The Visibility of Oppinion Changes

During the recent 2 weeks, a heated debate evolved in the blogger community: Mark Pilgrim set up the “Winer Watcher”, a blog that mirrors Dave Winer’s blog entries every 5 minutes using Dave’s RSS feed, makes a diff on the feeds to indicate changes made by Dave to his postings over time, and shows the changes in chronological order. Dave Winer urged Mark Pilgrim to stop his service and Mark (still?) shut out the public from the Winer Watcher with pasword protection. Read more about this debate and some legal implications in the comment by Karl-Friedrich Lenz.

Now, what’s my oppinion? I am very much in favour of transparency, in private as well as in the public. Transparency is one precondition for mutual trust. If you change your oppinion, make it transparent so that everyone can understand what and why you are doing it.

Dave Winer argued that Mark Pilgrim takes away Dave’s right to change his mind by setting up the Winer Watcher. Ok, an application, solely meant to track changes of one individual’s thoughts, must feel awful for the person affected. But Dave is a “prominent” blogger who – from Marks viewpoint – seems to behave badly as far as transparency is concerned. The conflict between both of them emerged because Dave did not cease to change his blog entries and denying things he had written before. At least, this is what the pro-Mark fraction thinks.

I personally do not understand, why Dave acts that aggressively. Writing in the public, especially in a medium like the Internet, means that many people can aggregate and cachy your texts – even before RSS feeds emerged.
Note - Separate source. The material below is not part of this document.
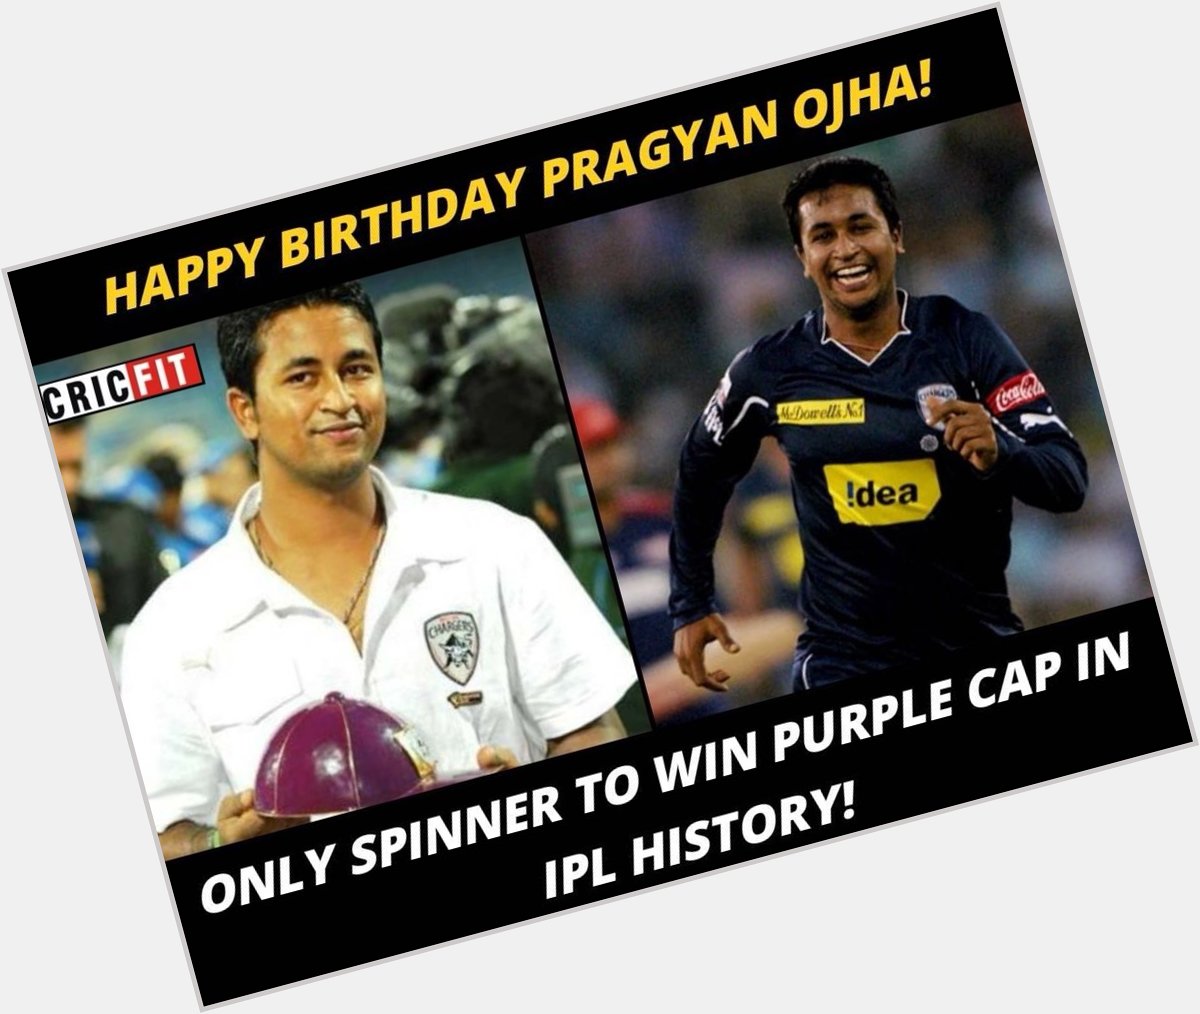 Happy Birthday Pragyan Ojha!

Searching Google for my name, will bring up many Web sites being more than 7 years old and they show some parts of my personality. And yes, I have changed in those 7 years and my oppinions as well. Clever minds will understand when comparing those old Websites in a chronological order. So what?
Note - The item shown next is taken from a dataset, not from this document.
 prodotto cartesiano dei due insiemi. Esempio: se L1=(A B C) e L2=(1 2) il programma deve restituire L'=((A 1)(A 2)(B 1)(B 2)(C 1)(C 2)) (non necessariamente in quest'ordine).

People publishing printed articles and books, cannot later take them out of any library in the world just because they published a new version of their document where their oppinions changed. Writers like the philosopher Wittgenstein completely changed their oppinion during their life – and that’s what is so interesting about his thinking.
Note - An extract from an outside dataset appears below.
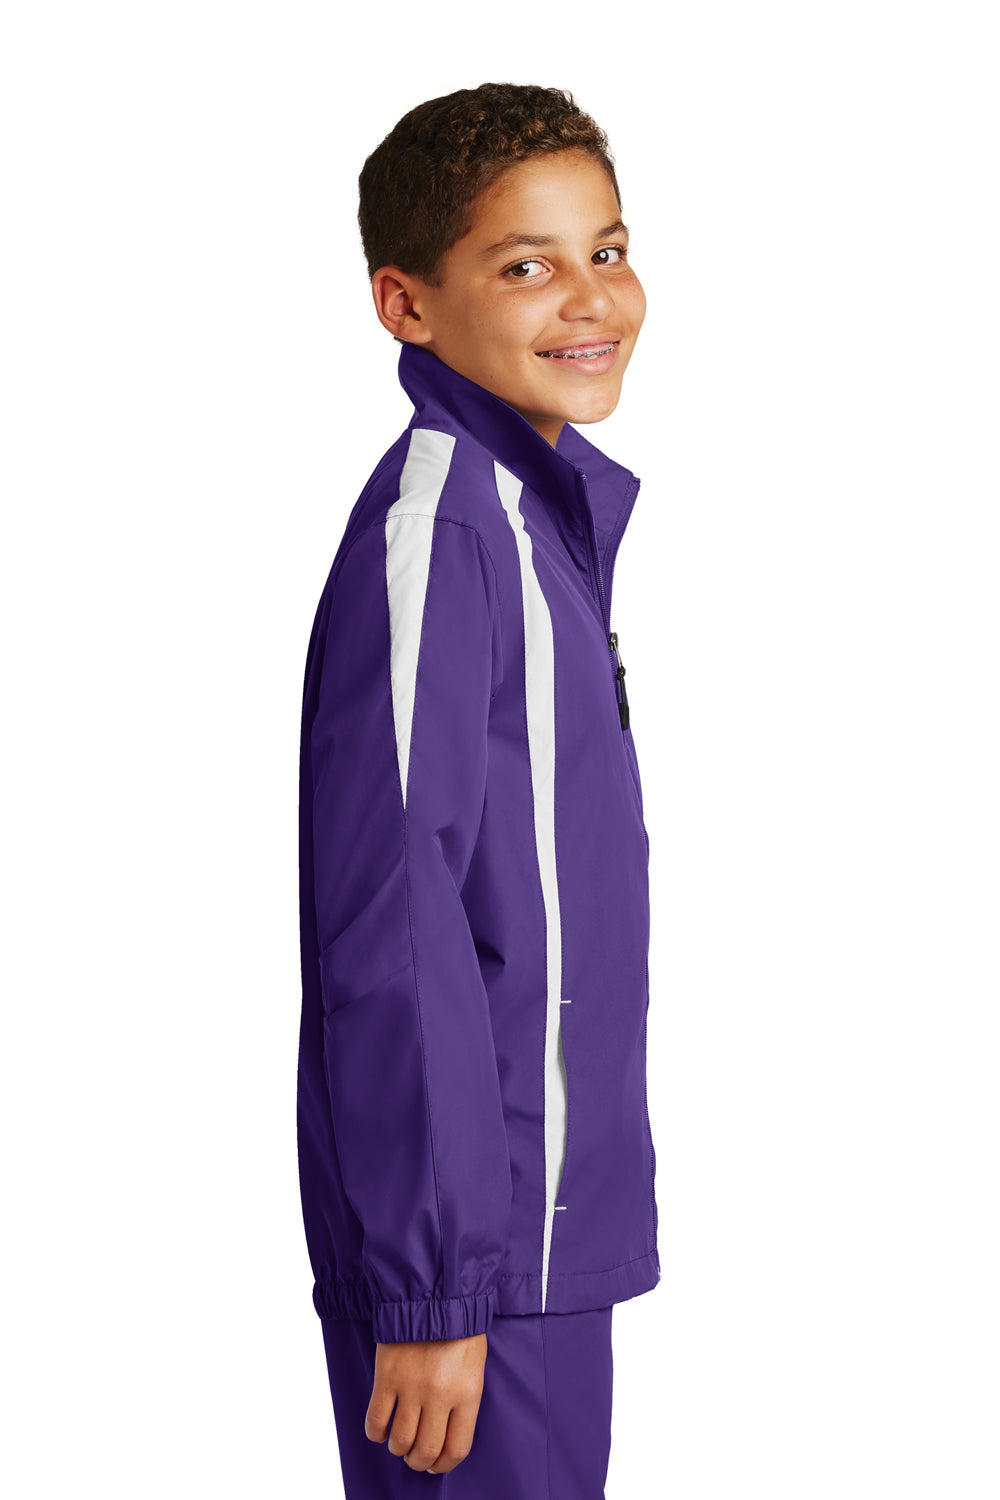 Sport-Tek YST60 Youth Water Resistant Full Zip Jacket Purple/White Side

Webloggers publish tiny articles everyday and up to know, they could change the content without advertising the changes in a diff as Wikis do for example. I am in favour of the visibilty of oppinion changes and it does not matter if they are processed with computational means like a diff between RSS feeds, or in a scholar’s mind comparing Wittgensteins two contrary books. The only thing everyone has to decide on his own is: how much of my thinking do I want to be public and how much do I want to keep private? In any case, you should be transparent in what you are doing, otherwise it is unlikely that people will trust you.